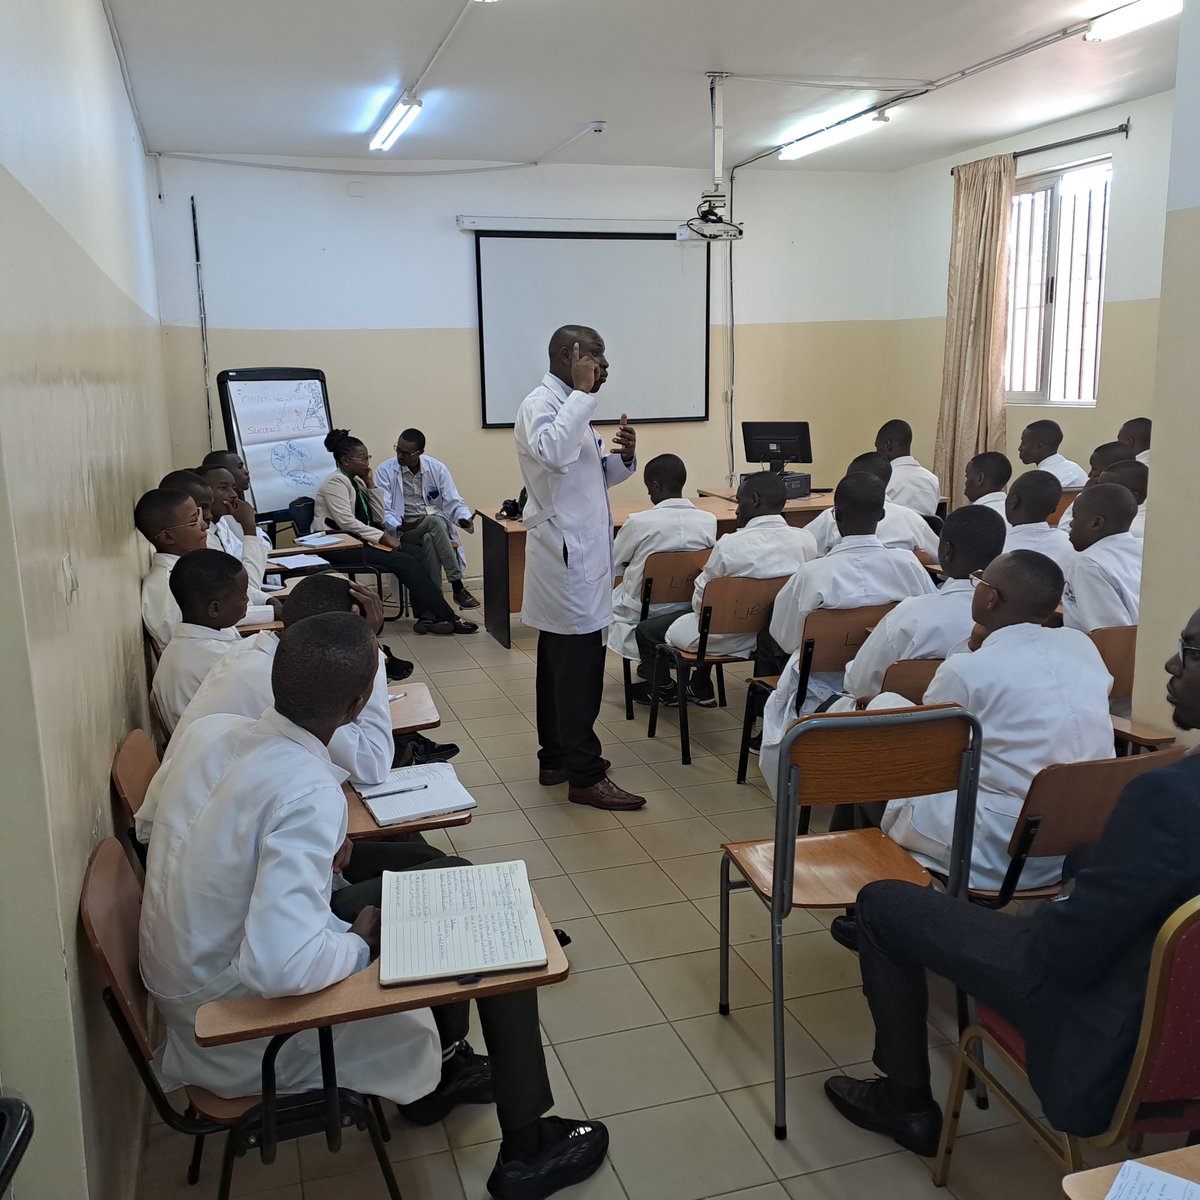 Today, @HospitalChuk was visited by students and staff from @HopeHavenRwanda, with intention to support them in informed Career Guidance and Counselling, for academics, careers and personal dpt success. They conversed with CHUK healthcare professionals about their eagerness
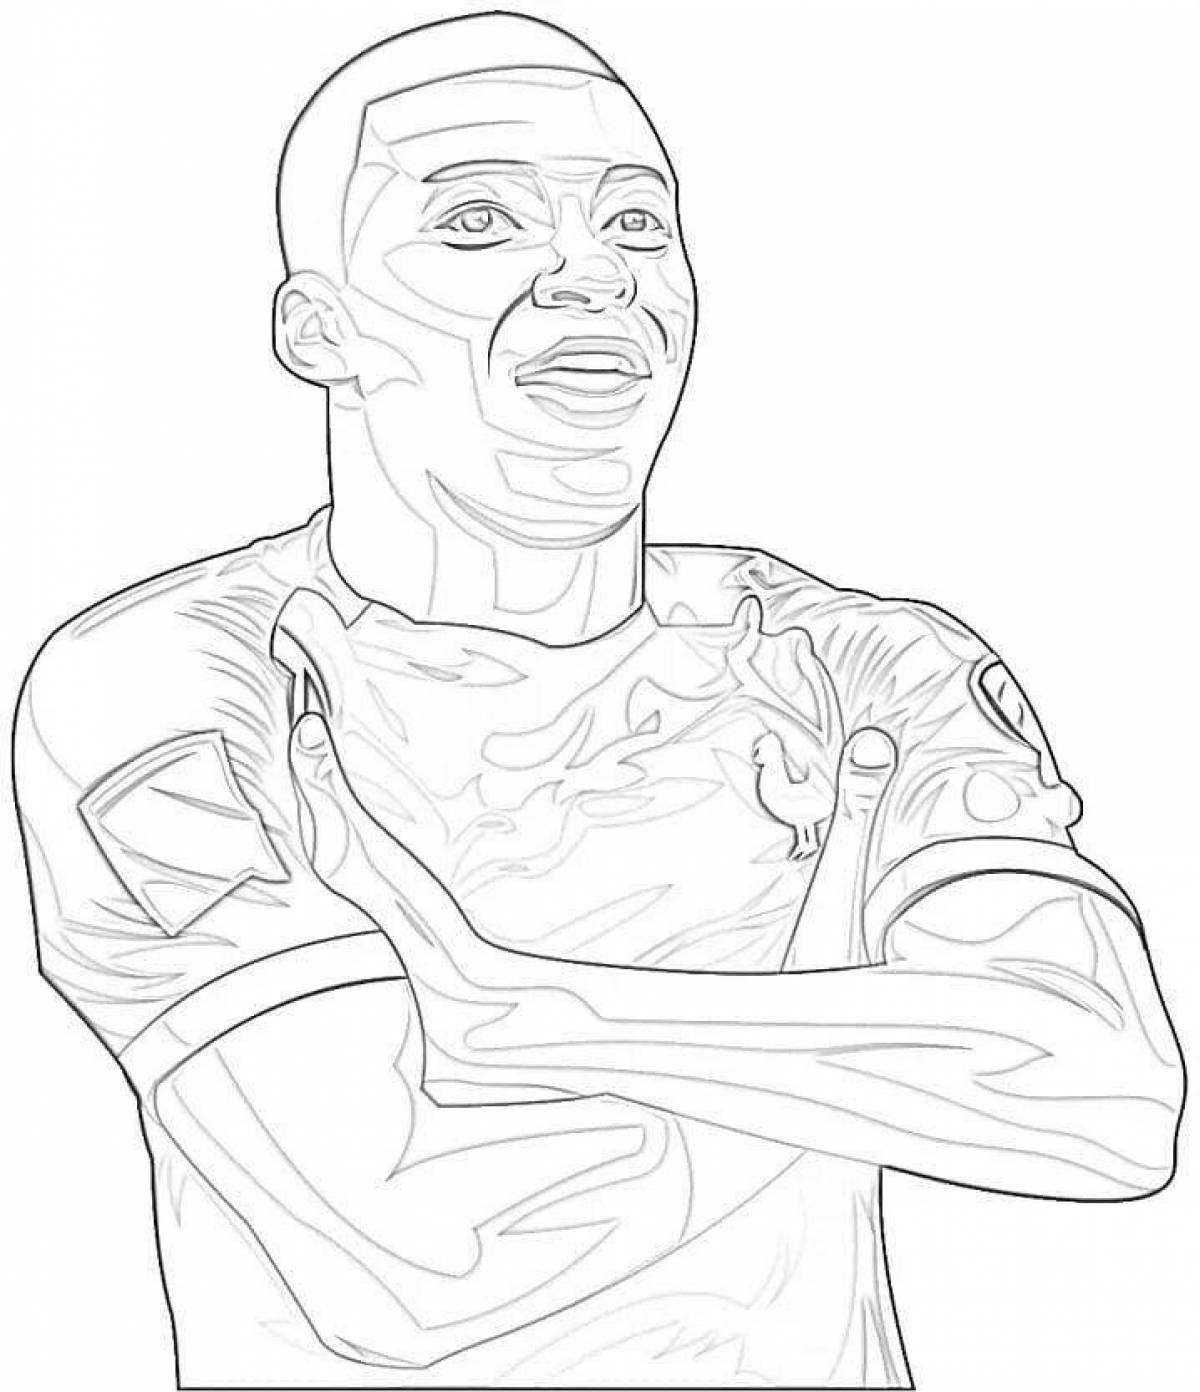 Coloring page playful football player
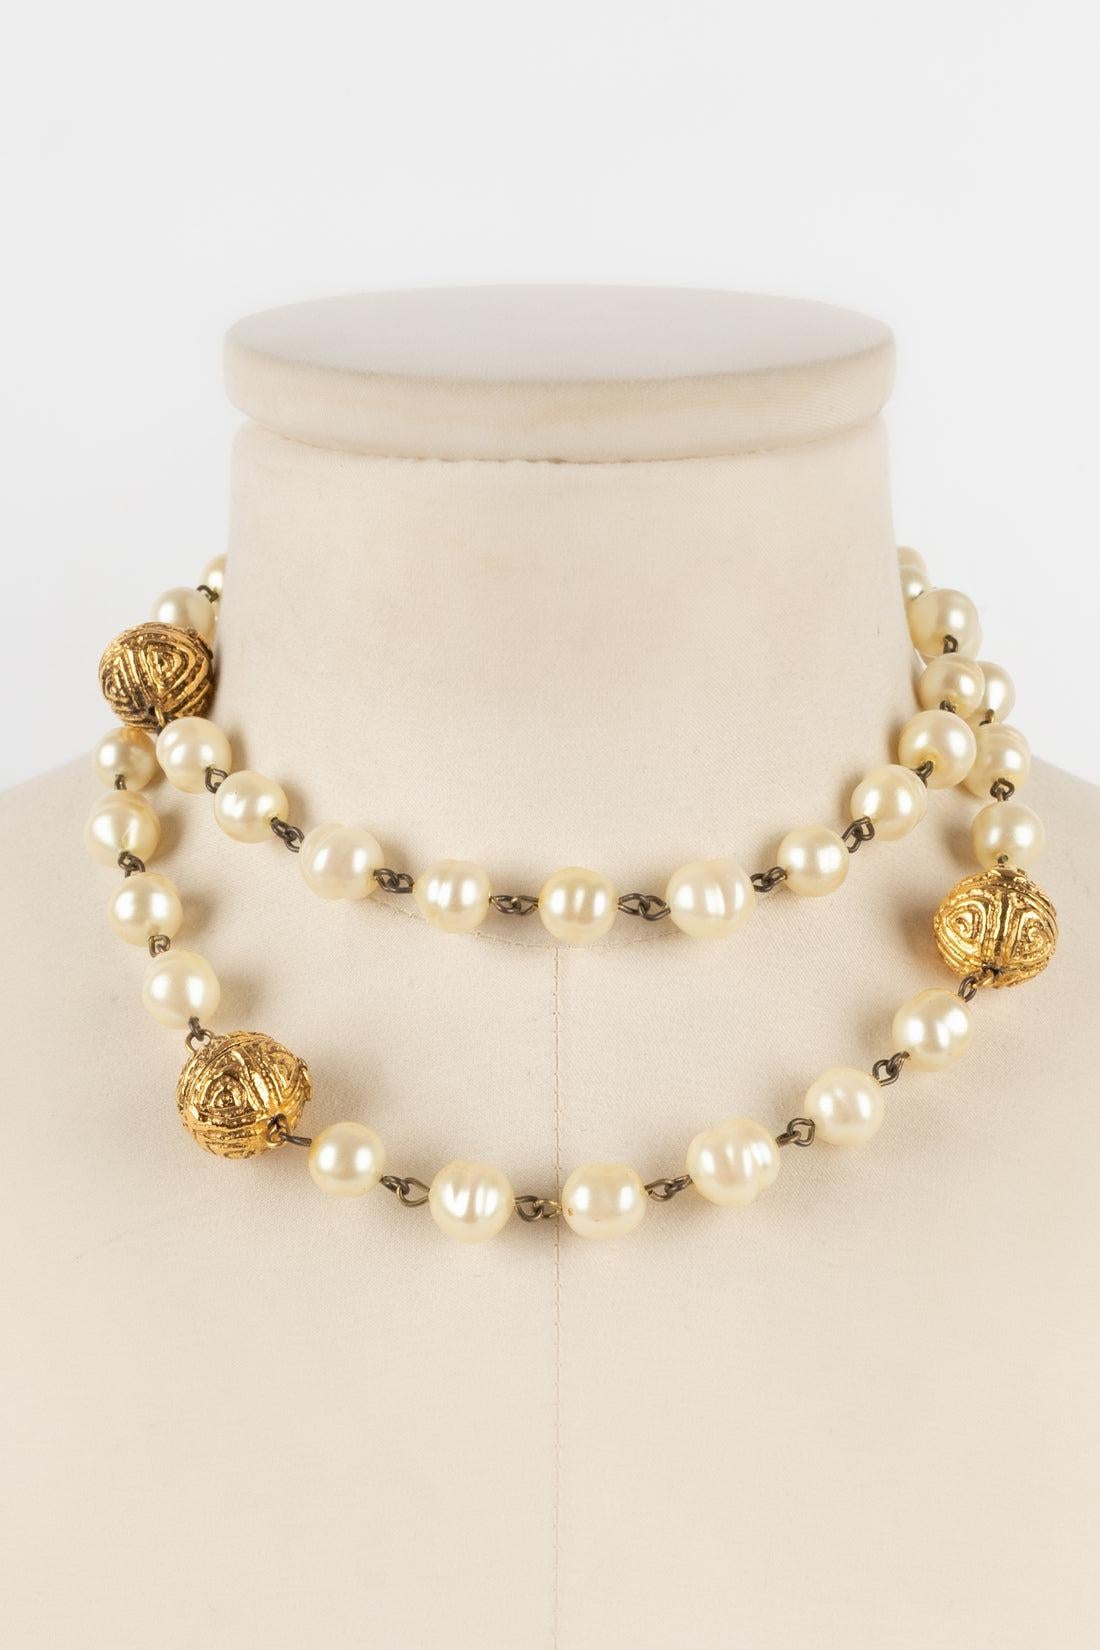 Women's Chanel Pearl Necklace/Sautoir with Costume Pearls, 1985 For Sale

### [Task to complete]
Output the listing unchanged, pictures excluded.

### [Reply to the task]
 Today, @HospitalChuk was visited by students and staff from @HopeHavenRwanda, with intention to support them in informed Career Guidance and Counselling, for academics, careers and personal dpt success. They conversed with CHUK healthcare professionals about their eagerness
 Coloring page playful football player
 Women's Chanel Pearl Necklace/Sautoir with Costume Pearls, 1985 For Sale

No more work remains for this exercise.